Auranofin and Redox-Sensitive Regulation of Viral Entry and NF-kB Signaling
This article examines how the FDA-approved compound Auranofin modulates host-cell pathways involved in viral entry and inflammatory signaling. Researchers found that Auranofin has a dual effect at the cellular level: it reduces the efficiency of viral entry into cells and suppresses inflammatory signaling pathways. Rather than blocking a single entry route, Auranofin alters host‑cell conditions in ways that make viral entry less favorable.
Specifically, Auranofin was shown to interfere with viral entry mechanisms through redox‑dependent changes in membrane organization and ACE2 receptor dynamics.
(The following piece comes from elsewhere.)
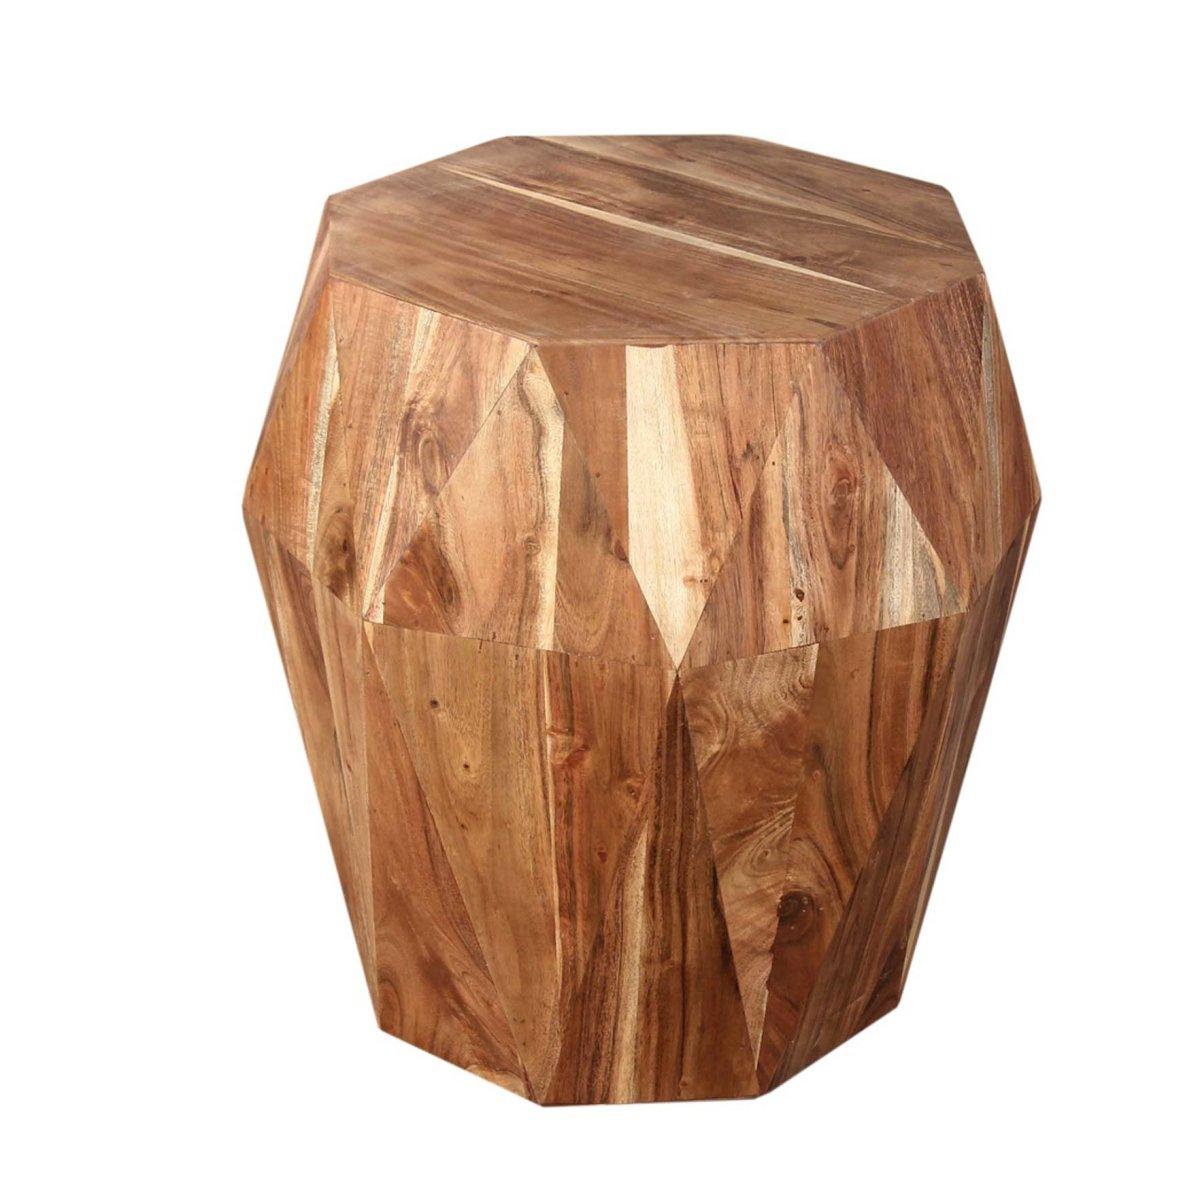 Acacia wood Diamond End Table - Rustic Furniture Outlet

The ACE2 receptor, which SARS‑CoV‑2 uses to attach to cells, becomes more mobile within the cell membrane under these conditions. Because ACE2 localization and mobility are influenced by the cellular redox environment, changes in intracellular oxidative balance may alter attachment efficiency. In addition, Auranofin suppresses activation of the NF-kB signaling pathway, which plays a central role in cellular inflammatory responses and is often dysregulated during viral infection.
Viral Redox Pathways
If we think of the body as a machine, then Redox helps keep it running smoothly. Redox is the balance of oxidants and antioxidants in the body. It’s important because it supports energy-related cellular processes, helps with cellular growth, supports protection against cellular damage, and plays a role in the body’s response to infection and disease. When the Redox system is functioning as it should, the body is healthy.
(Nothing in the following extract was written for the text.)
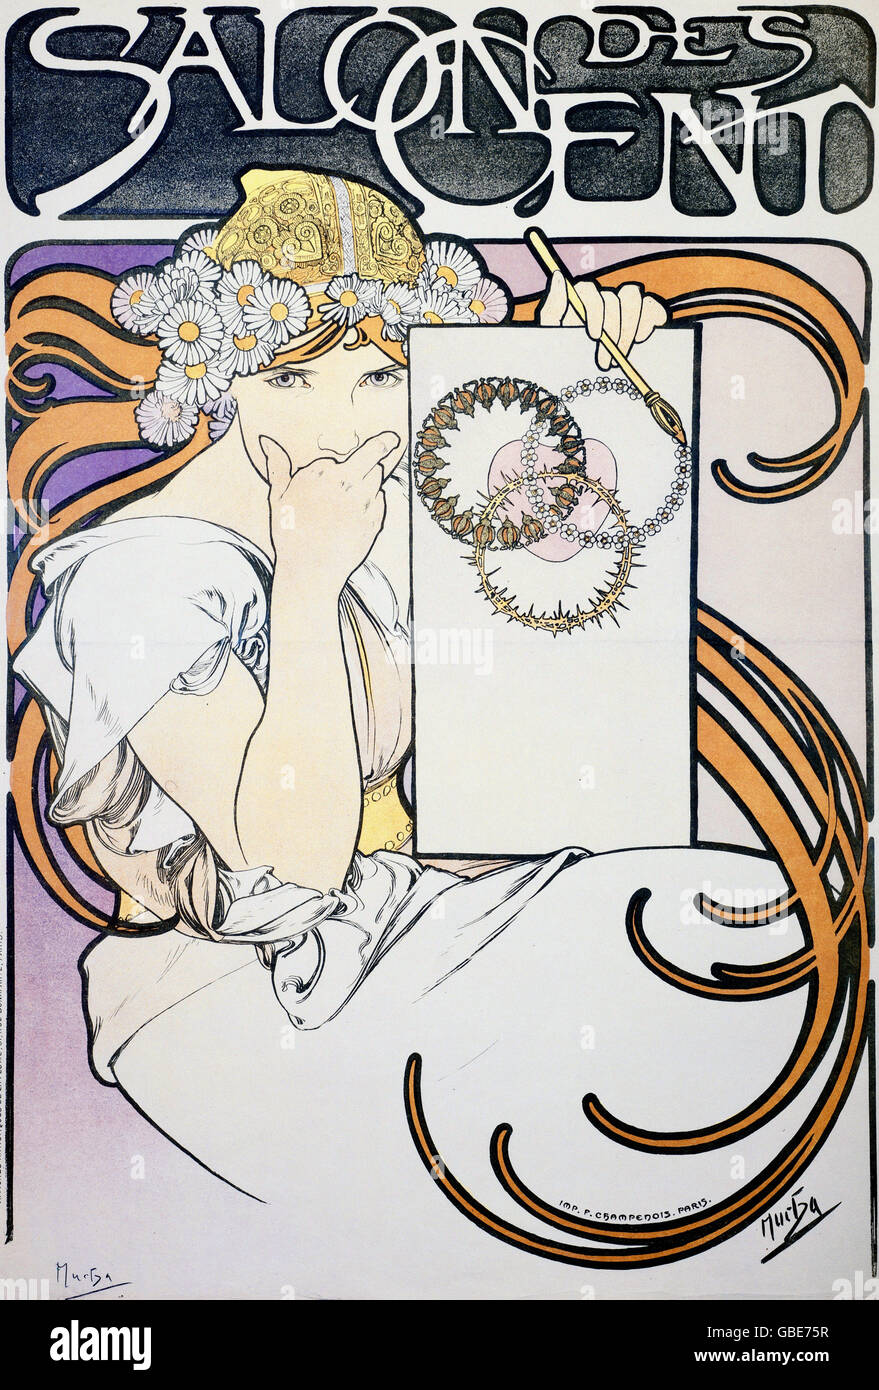 Salon des Cent exhibition, advertising by Alfons Mucha, 1890 Stock Photo

Viruses disrupt the Redox environment. Viral infection can increase the production of reactive oxygen species (ROS) in host cells to aid in the virus’s life cycle, which in turn throws off the balance of oxidants and antioxidants in the body. Additionally, viruses weaken antioxidant systems. This infection-induced oxidative stress further offsets the balance.
When cells are facing threats, like that of a virus, ROS act as signaling molecules that influence cellular pathways, including those involving NF‑κB. NF‑κB primarily regulates inflammatory and immune‑related gene expression, which can influence overall cellular responses during infection.
Viruses like SARS-CoV-2 interfere with NF-kB signaling in one of two ways. First, they can activate NF-kB signaling to help with virus production. Second, they can inhibit it to make it easier for the virus to evade detection. Some viruses use both methods by initially stimulating the NF-kB signaling to aid in replication and then suppressing it to allow the virus to spread.
The FDA-approved Auranofin has been shown to modulate NF-κB signaling in cellular models of viral infection, including SARS-CoV-2. Auronofin has been shown to suppress SARS-Cov-2-induced NR-κB activation and reduce the efficiency of viral entry into cells. By altering the cellular redox environment and inflammatory signaling, Auranofin influences conditions that help maintain redox balance between oxidants and antioxidants at the cellular level.